Here, the energy E _d causes the same object and background having a large parallax to form a seam tangent so that they do not deviate from each other.

_{Regarding, the energy E g} reflecting that the outlines of the two images do not coincide with each other is given by the following [Equation 3].

[Equation 3]

Here, the energy E _g prevents the seam tangent line from being positioned at a portion where the outline exists during image matching. _{In addition, the energy E d} reflecting the motion of the object is given by the following [Equation 4].

[Equation 4]

_{The energy E d} derived from the above [Equation 4] prevents the seam tangent from being located in a portion where the temporal change of the pixel value is large according to the motion of the object.

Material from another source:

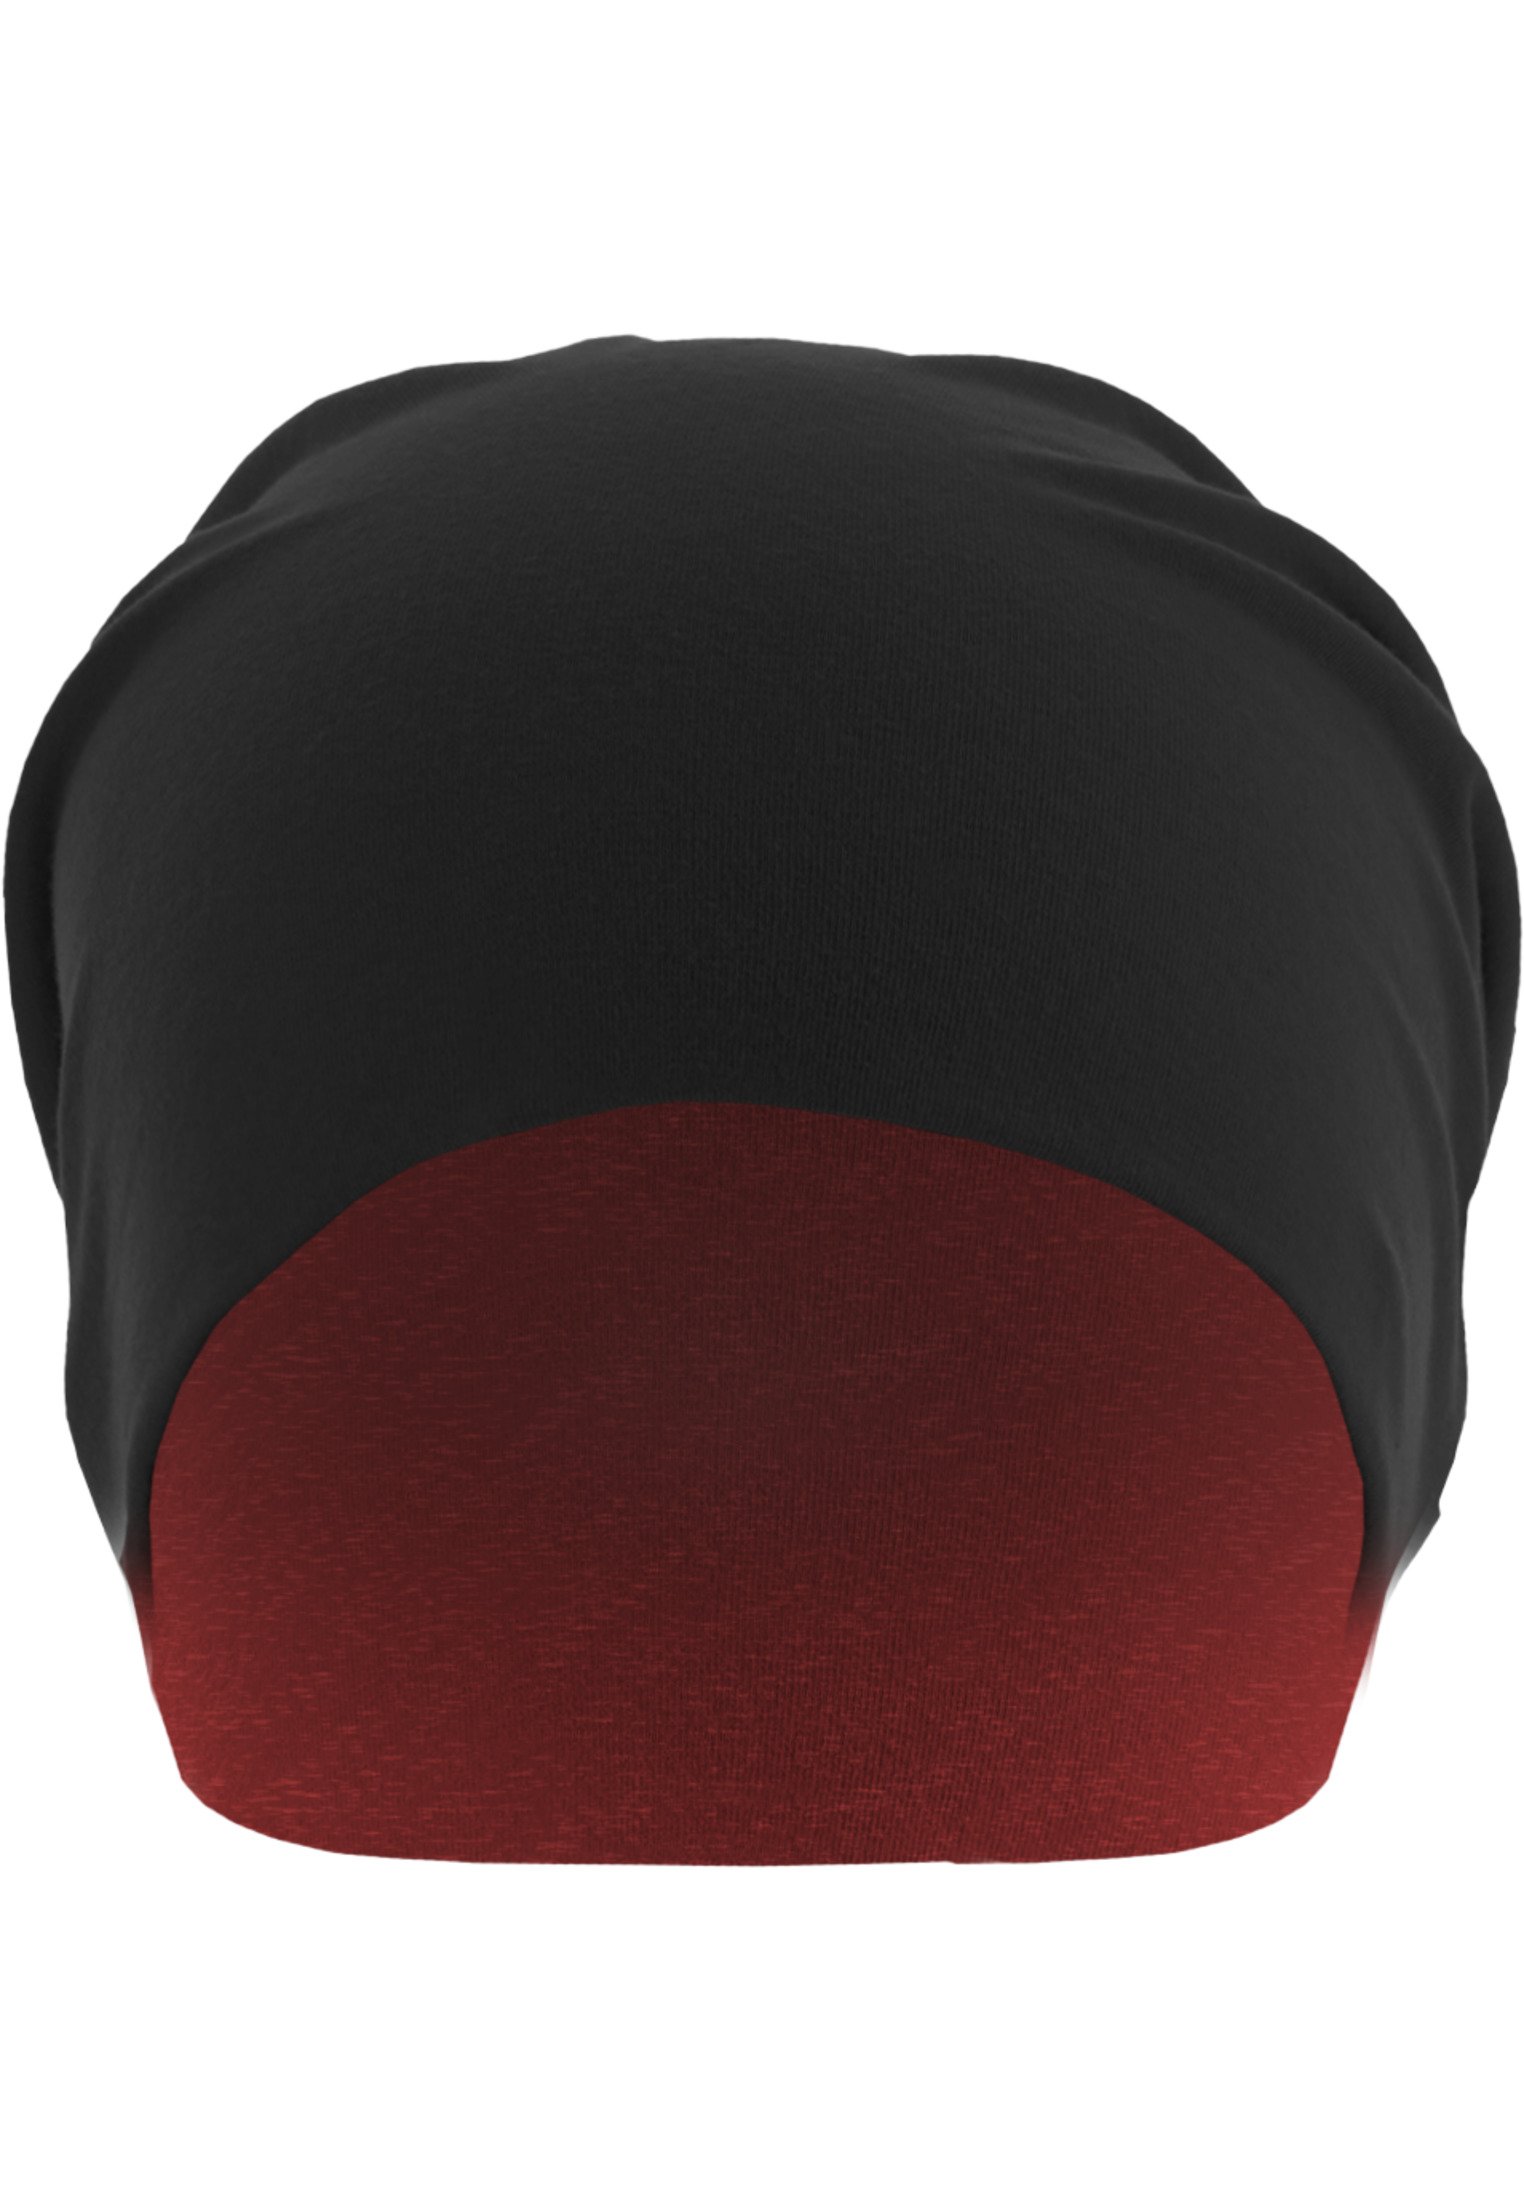 Jersey Beanie reversible blk/red one size

라 할 때, 이를 다음 [수학식 5]와 같이 나타낼 수 있다. Here, the seam tangent line indicating the location where the two images are similar to each other and can be pasted together without noticeable distortion

When d, it can be expressed as the following [Equation 5].

[Equation 5]

는 시접선을 이루는 각 픽셀 에너지의 총합인

로 표현될 수 있다. 최적의 시접선을

이라 할 경우, 이는 아래 [수학식 6]에 의해 정의될 수 있다.Here, x ⁱ is a constant having a constant value between 1 and m, and i is the y-coordinate value of a continuous pixel from top to bottom. The energy of the line of sight

Is the sum of the energy of each pixel forming the line of sight

It can be expressed as Optimal seam tangent

In this case, it can be defined by [Equation 6] below.

[Equation 6]

을 연산한다. 이후, [수학식 7]에 의해 구해진 누적 최소 에너지 M을 활용하면 영상에서 중요도가 높은 영역을 시각적으로 확인할 수 있게 된다.Here, the optimal seam tangent line can be obtained by dynamic programming. Assuming that there is a cumulative minimum energy M of the same size as the total energy E, the first row is given the same value as the first row value of the total energy E. Then, by calculating the accumulated minimum energy from the second row to the last row through the following process, the energy of all possible sea tangent lines is calculated. Specifically, from the second row to the last row, the row is fixed first and the column is moved, and the following [Equation 7] is performed. When the last column is reached, the row is changed and again from the first column to the last column [Math Equation 7] is carried out. Consequently, when the operation is completed, the pixel position having the minimum value in the last row may be the last pixel position of the optimal seam tangent line. Therefore, looking at the 3 pixels adjacent to the upper row from that position, recording the position with the minimum value and moving forward

Computes Thereafter, by using the cumulative minimum energy M obtained by [Equation 7], it is possible to visually check the area of high importance in the image.

[Equation 7]

2. Sea tangent update

The seam tangent is estimated every frame through a series of processes using [Equation 7]. When images are matched using the seam tangent line estimated in all frames, image distortion due to frequent changes in the seam tangent position in the matching area can be perceived by the image observer. To prevent this, the seam tangent may be updated only when the energy difference between the estimated seam tangent line and the previously estimated seam tangent line in a given frame is large.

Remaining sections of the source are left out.